Tons of them in use around here. I just got rid of my last truck with one of those last year.


----------



## justme- (Dec 28, 2004)

Yup, that's what's on my Chevy dump.


----------



## snowbankr (Oct 6, 2004)

I run 3 of them. Just picked up one from a guy that updated to a MM2 for CHEAP!! He is now regretting the switch. Had to upgrade altenator, add battery. Route took a little longer to finish cause the thing let go on him. Says once the kinks are out of it, he'll be just fine. I have one G model that I took off the oringinal '78 Chevy K25 that is now on the '94 K2500 (had to update the push plates though), that has of yet to EVER leave me or one of my guys in a storm. A little paint, some welding here and there over the years, and hoses are all we have ever done to these plows. Lost one angle piston once when the end wore out from a hole to a "C" shaped opening. Worked ok until the opening worked enough to let the piston slip out. Back to the shop, cobbed some flat stock onto the end..back in biz. The next year, had to break down and bought a new piston. Now we have one on the shelf just in case( the one that was cobbed). I love the belt driven hydraulics, and don't mind the headgear during the winter.

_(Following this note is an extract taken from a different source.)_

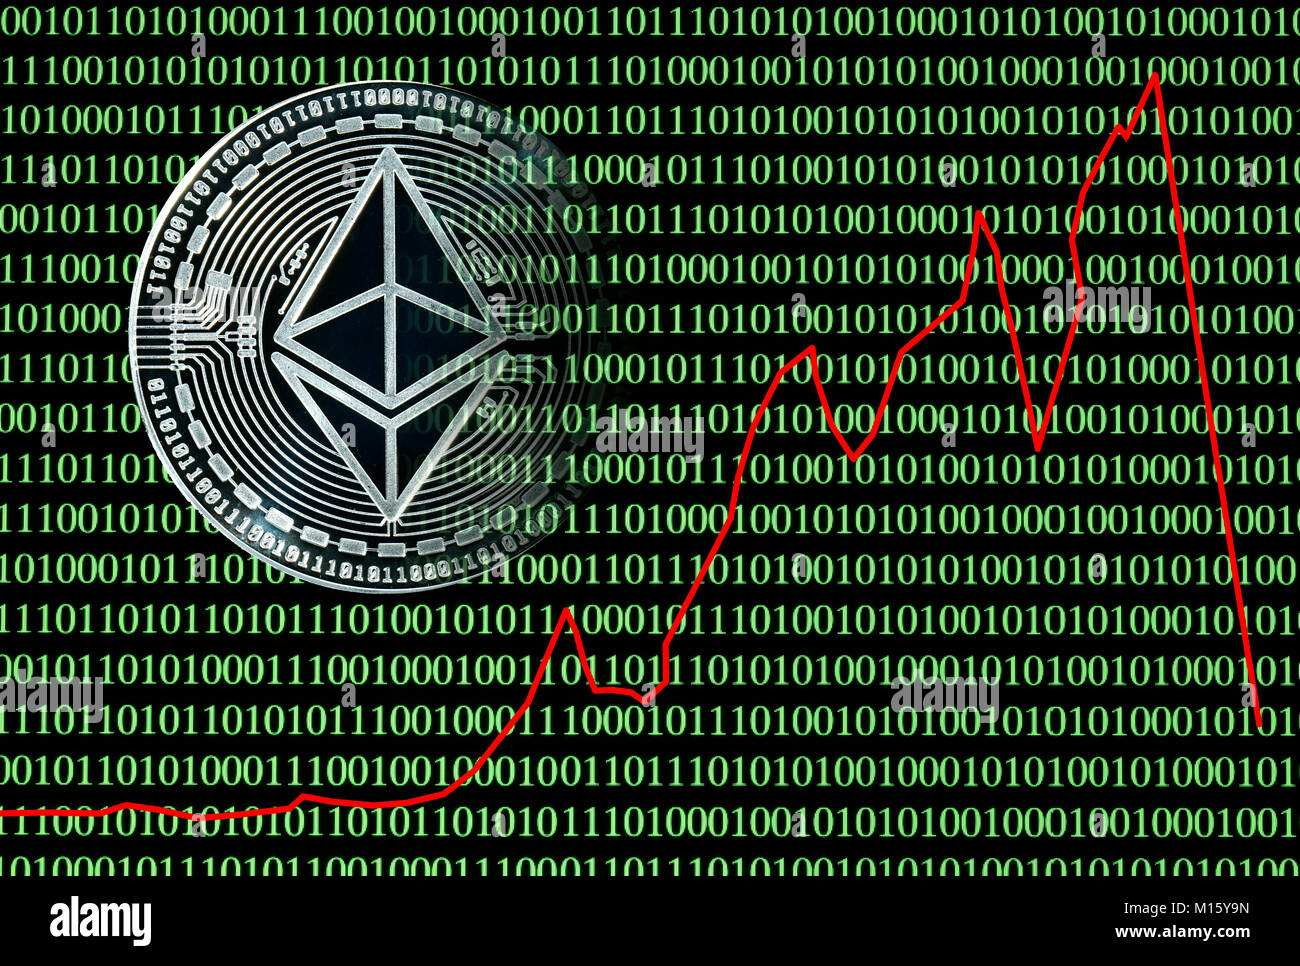 Immagine simbolo Cryptocurrency,valuta digitale,moneta d'argento Ethereum nella parte anteriore del digitale codice binario con prezzo di stock Foto Stock
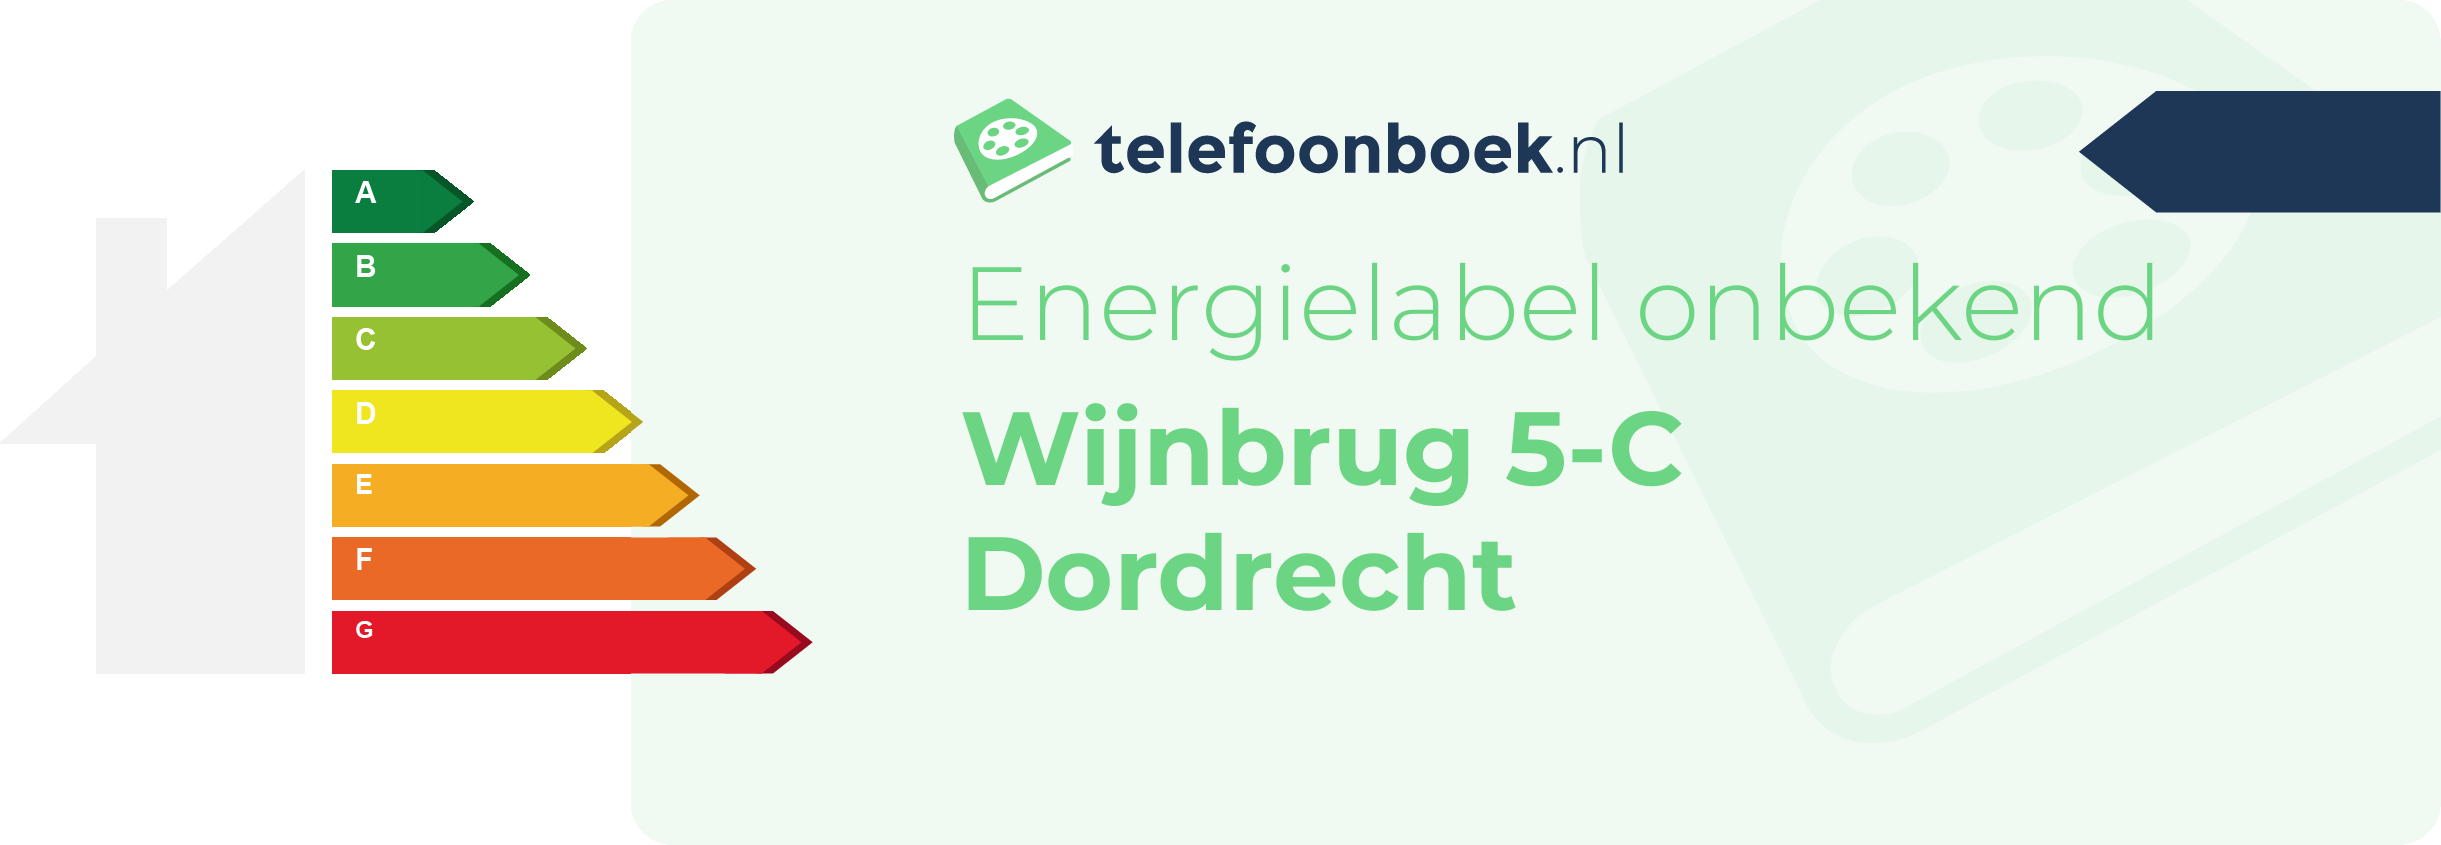 Energielabel Wijnbrug 5-C Dordrecht

I take the headgear off in the Spring and add a brush gaurd onto the push frames.


----------



## Jeepjimmy (Jan 24, 2005)

anyone know where to get parts? fisher specific stuff. like the pumps cables joysticks control valves.


----------



## snowbankr (Oct 6, 2004)

JeepJimmy, send me a PM. I have a number for you to call for parts


----------



## t-dawg1982 (Oct 14, 2009)

I also have a old speedcast under hood hydraulic,it came off a ford and I put on my 92 gmc 1500 but I don't have the pump bracket to install pump,anyone have any pics that would help me to see the underhood hookup so I can fab some brackets,I tried the fisher site but hard to make things out,would love pic of the bracket or mounted on a truck,thanks


----------



## Trilogy (Nov 20, 2010)

I stills have a Speedcast under the hood hydraulic plow on my '84 F150.


----------



## SD40T2 (Dec 13, 2007)

tough old plows....plow snow in the winter......grade dirt in the summer LOL


----------